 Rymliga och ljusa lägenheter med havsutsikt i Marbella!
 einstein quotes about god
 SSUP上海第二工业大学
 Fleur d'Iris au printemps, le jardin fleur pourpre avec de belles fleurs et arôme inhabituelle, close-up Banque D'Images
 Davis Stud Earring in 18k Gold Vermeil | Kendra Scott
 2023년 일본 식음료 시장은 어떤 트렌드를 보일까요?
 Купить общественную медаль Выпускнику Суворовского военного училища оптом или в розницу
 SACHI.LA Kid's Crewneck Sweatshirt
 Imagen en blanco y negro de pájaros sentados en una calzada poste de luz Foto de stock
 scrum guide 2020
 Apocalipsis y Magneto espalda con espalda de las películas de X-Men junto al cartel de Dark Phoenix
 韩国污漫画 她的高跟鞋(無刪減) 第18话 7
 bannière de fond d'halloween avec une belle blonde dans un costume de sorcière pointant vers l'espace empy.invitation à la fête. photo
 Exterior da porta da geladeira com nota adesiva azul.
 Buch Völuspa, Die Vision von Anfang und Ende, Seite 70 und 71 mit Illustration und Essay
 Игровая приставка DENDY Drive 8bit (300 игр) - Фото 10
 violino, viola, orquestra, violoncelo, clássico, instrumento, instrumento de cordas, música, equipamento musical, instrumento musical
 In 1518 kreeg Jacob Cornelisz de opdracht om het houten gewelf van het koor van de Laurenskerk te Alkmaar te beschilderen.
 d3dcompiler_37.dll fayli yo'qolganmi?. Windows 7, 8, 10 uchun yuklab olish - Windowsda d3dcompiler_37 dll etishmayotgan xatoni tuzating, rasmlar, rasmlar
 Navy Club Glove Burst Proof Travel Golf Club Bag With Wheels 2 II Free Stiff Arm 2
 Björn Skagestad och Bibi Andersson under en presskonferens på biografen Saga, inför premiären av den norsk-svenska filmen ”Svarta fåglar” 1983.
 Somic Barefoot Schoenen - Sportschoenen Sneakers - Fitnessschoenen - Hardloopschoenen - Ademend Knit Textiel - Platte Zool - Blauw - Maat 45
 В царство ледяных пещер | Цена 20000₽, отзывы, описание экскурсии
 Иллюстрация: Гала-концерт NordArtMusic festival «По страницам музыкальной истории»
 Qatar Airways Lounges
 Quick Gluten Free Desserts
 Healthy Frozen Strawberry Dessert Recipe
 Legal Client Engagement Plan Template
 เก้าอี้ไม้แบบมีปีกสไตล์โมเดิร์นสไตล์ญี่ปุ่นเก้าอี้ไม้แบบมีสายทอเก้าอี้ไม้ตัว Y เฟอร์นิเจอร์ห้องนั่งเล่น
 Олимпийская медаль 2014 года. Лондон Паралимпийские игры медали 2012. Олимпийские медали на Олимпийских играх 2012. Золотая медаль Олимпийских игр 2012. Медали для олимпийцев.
•••
_WHAT THE EXERCISE ASKS_
The output should consist only of the lines from the one with "Somic Barefoot Schoenen" through the final line of the records above, exactly.

_RESULT FOR THIS EXERCISE_
 Somic Barefoot Schoenen - Sportschoenen Sneakers - Fitnessschoenen - Hardloopschoenen - Ademend Knit Textiel - Platte Zool - Blauw - Maat 45
 В царство ледяных пещер | Цена 20000₽, отзывы, описание экскурсии
 Иллюстрация: Гала-концерт NordArtMusic festival «По страницам музыкальной истории»
 Qatar Airways Lounges
 Quick Gluten Free Desserts
 Healthy Frozen Strawberry Dessert Recipe
 Legal Client Engagement Plan Template
 เก้าอี้ไม้แบบมีปีกสไตล์โมเดิร์นสไตล์ญี่ปุ่นเก้าอี้ไม้แบบมีสายทอเก้าอี้ไม้ตัว Y เฟอร์นิเจอร์ห้องนั่งเล่น
 Олимпийская медаль 2014 года. Лондон Паралимпийские игры медали 2012. Олимпийские медали на Олимпийских играх 2012. Золотая медаль Олимпийских игр 2012. Медали для олимпийцев.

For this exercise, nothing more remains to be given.